Assigned task:
Go to the line that contains "Portfolio_421_Landscape Scandinavian Forest" and transcribe from there to the end of the entries, that line and the last one included.

Records from a collection
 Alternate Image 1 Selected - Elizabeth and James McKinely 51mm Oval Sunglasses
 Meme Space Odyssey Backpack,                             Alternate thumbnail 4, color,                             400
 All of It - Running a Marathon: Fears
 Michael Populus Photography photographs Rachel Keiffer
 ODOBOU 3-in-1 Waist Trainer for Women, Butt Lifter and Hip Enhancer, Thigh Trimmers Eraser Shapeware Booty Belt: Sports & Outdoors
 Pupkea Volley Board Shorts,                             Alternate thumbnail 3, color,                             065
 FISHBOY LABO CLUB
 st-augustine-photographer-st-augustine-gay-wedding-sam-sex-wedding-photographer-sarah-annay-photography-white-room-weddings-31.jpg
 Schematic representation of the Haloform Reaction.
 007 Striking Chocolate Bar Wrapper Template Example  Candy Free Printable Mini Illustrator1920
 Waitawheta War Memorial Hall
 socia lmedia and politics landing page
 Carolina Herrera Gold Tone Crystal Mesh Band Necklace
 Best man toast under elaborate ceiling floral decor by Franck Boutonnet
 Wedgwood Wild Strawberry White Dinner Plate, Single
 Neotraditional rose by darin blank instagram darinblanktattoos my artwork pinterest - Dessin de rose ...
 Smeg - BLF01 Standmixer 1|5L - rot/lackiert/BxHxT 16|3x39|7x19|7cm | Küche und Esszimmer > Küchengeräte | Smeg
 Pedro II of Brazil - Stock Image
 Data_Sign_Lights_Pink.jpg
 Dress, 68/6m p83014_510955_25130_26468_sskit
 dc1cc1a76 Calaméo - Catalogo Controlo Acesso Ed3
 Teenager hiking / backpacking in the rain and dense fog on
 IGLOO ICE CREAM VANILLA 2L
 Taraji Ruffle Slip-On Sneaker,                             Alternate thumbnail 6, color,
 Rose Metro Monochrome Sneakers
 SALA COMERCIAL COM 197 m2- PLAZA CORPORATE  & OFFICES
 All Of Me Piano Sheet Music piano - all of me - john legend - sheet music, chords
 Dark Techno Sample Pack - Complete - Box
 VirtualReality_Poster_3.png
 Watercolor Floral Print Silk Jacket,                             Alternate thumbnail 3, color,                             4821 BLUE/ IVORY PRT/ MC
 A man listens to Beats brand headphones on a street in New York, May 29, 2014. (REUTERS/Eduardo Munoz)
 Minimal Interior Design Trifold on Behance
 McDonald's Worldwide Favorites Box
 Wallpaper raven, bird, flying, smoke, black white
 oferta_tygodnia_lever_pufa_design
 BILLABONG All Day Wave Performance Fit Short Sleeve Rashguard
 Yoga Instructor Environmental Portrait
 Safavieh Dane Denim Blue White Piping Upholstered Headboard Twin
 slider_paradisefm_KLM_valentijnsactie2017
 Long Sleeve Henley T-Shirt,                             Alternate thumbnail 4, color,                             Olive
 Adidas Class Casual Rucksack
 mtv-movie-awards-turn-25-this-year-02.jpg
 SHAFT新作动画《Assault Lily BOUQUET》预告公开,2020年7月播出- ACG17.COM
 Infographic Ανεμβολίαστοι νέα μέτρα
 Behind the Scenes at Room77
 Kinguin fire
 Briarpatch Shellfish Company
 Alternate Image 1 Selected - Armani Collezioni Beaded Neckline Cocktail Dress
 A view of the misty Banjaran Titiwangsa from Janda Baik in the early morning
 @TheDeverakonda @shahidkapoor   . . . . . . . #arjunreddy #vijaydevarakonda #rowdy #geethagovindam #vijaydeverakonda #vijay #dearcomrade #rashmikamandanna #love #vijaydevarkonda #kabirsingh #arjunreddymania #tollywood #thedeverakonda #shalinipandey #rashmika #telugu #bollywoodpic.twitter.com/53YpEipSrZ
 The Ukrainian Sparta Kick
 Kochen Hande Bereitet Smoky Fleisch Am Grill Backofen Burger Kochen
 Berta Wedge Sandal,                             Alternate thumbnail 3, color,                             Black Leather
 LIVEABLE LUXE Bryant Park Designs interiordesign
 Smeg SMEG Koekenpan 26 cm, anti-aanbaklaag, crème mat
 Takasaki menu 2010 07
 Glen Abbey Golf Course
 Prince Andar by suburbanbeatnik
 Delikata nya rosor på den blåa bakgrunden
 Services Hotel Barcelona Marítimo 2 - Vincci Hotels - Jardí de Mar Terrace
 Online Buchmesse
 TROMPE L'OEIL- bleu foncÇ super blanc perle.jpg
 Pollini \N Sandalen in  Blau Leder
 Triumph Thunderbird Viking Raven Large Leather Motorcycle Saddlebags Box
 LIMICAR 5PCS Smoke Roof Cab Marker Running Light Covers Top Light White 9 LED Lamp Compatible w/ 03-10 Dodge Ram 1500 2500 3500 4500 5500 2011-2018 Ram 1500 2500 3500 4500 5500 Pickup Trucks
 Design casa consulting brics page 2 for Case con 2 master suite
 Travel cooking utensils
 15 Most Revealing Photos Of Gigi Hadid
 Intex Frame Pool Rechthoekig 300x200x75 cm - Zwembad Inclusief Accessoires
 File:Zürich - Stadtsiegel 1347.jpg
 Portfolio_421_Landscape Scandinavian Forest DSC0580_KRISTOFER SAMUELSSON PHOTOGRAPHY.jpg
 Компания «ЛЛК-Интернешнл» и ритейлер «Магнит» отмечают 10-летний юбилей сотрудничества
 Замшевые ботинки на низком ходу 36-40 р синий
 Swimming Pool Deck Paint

Reply:
 Portfolio_421_Landscape Scandinavian Forest DSC0580_KRISTOFER SAMUELSSON PHOTOGRAPHY.jpg
 Компания «ЛЛК-Интернешнл» и ритейлер «Магнит» отмечают 10-летний юбилей сотрудничества
 Замшевые ботинки на низком ходу 36-40 р синий
 Swimming Pool Deck Paint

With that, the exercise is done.